Halewood colleague and Karate champion Cameron Graham is busy taking on the world as part of an all-conquering England team. And in September Cameron and his teammates landed the biggest title of them all when England won the World Team Championship in Italy.
When 22-year old Cameron Graham helped England lift the world Shotokan Karate title in Italy this September he dropped to the floor and screamed with delight and then admits that for quite a while afterwards he was completely lost for words. Winning a world title for your country is always likely to be an overwhelming experience however Cameron’s reaction reflected the fact that this victory had been 15 long, hard years in the making.
Thousands of gruelling training and sparring sessions have been completed, hundreds of long trips to tournaments undertaken, and along the way Cameron has received numerous lumps and bumps in an exceptionally physical contact sport.
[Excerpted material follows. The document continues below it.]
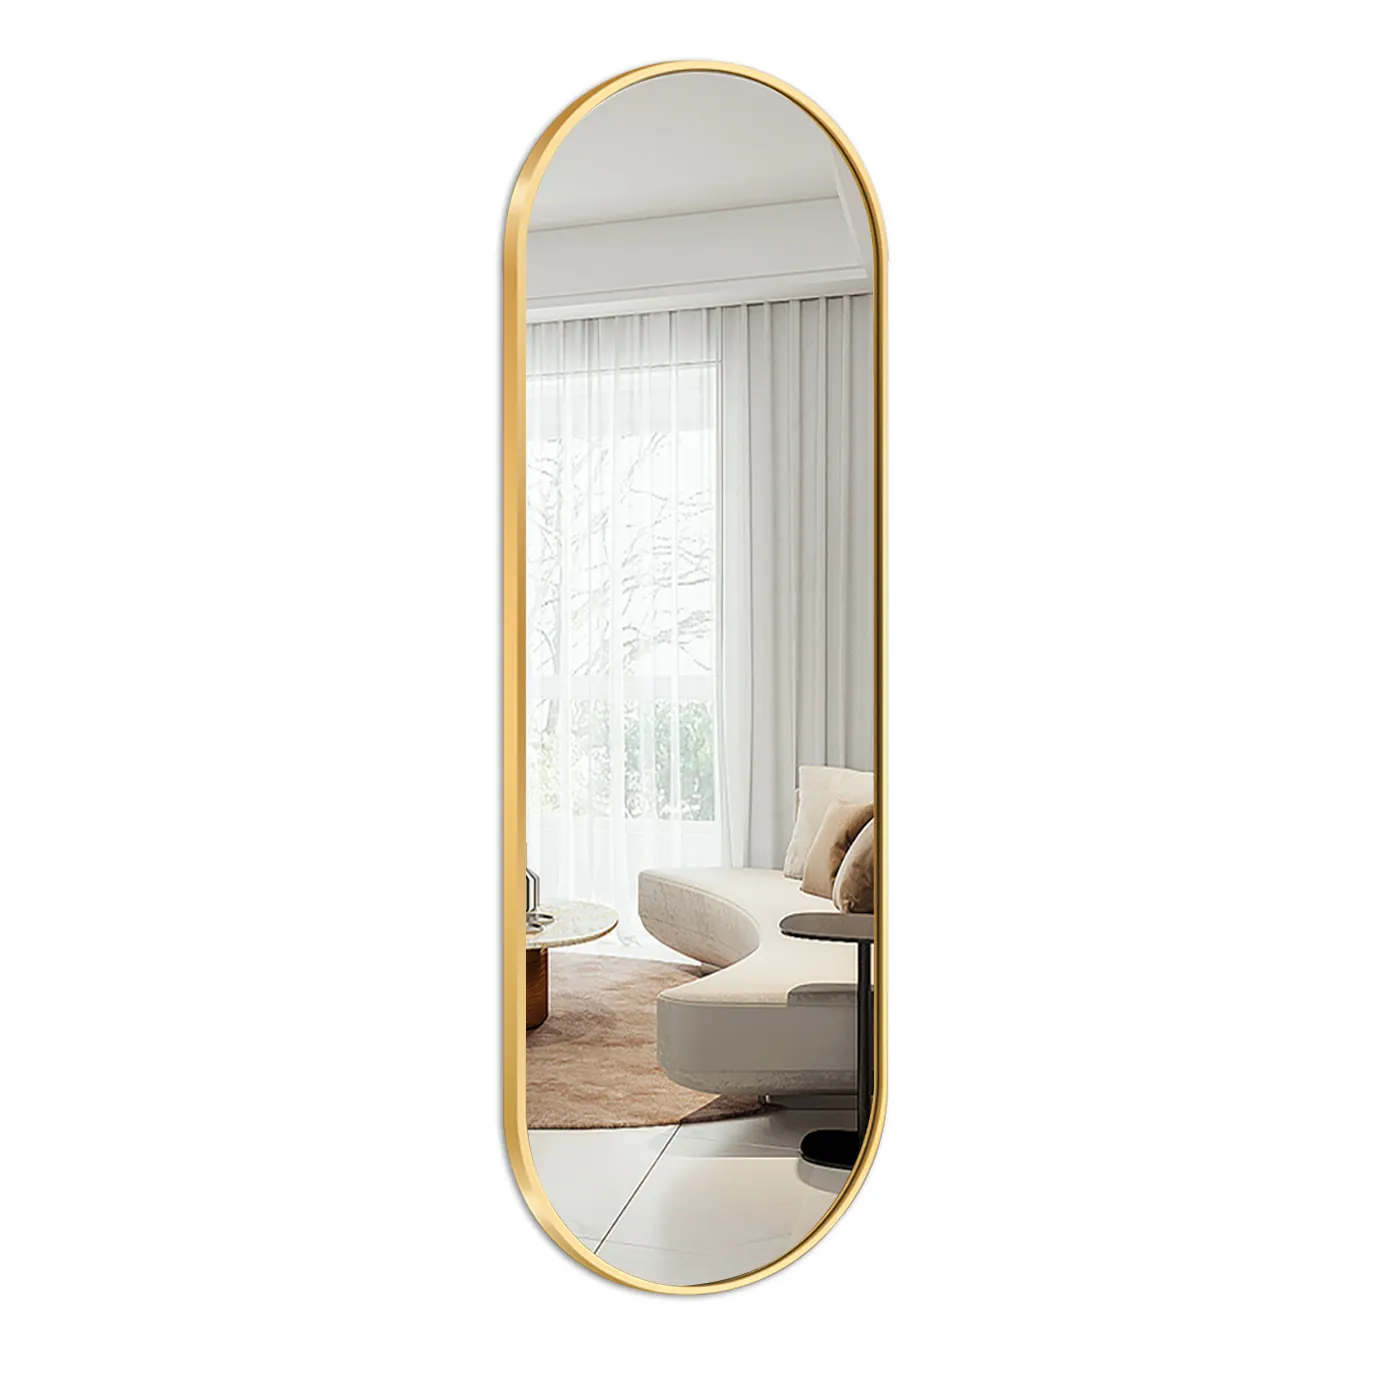 楕円形のバスルームミラー壁掛けブラッシュドメタルフレームは、リビングルームに垂直かつ水平に完璧なモダンな装飾を掛けます

Breaking his elbow sounds like the most painful injury but there have been plenty of others!
“When people look at me they don’t automatically think that I would be a Karate champion with European and World Championship gold medals. There’s really not much too me and many of the guys I have faced since competing for England are much bigger and faster than I am. When I started out at my club in Kirkby I actually wasn’t very good at all but I have stuck at the sport!”
Cameron has an incredible supply of willpower and the ability to completely focus and ‘find a way to win’ when he competes for his country.
When it comes to determination and a desire for hard work he leaves nothing in the tank. In the build-up to the world championships he trained six times a week and these two hour sessions involved a range of fitness and technical workouts as well as some fierce sparring. This took huge commitment because Cameron was working full-time at Halewood on engine dress and had either completed a shift or was about to start one.
It is also worth noting that Cameron’s sport is non-professional and because it does not feature at the Olympics either he is effectively training like a full-time athlete but with little or no funding. What Cameron achieves is entirely down to him and the dedication of his small team which includes his long-term coach as well as his Dad Kenneth who also works at Halewood.
“It does get pretty tough at times,” Cameron explains. “I can be completely on my own in the gym at eleven at night just to make sure I get some training done that day. My fighting style is based on being very determined, fit and quickly working out a way to beat the opponent I am facing, so although being in an empty gym just before midnight after a full day at Halewood isn’t great, it really needs to be done.”
Cameron said that his Jaguar Land Rover colleagues gave him a great reception when he returned to work as a world champion, although buying the team doughnuts to celebrate his success proved to be a popular move!
Representing his country, seeing off the challenge of some very hard competitors and travelling all over Europe for international tournaments has also helped Cameron at work. As he explains, if you are confident enough not to blink when faced by a huge Russian Karate expert or can keep your focus in front of thousands of spectators it puts any issues you face during your working day into perspective.
A true champion, we're happy to celebrate #InternationalNinjaDay with you Cameron!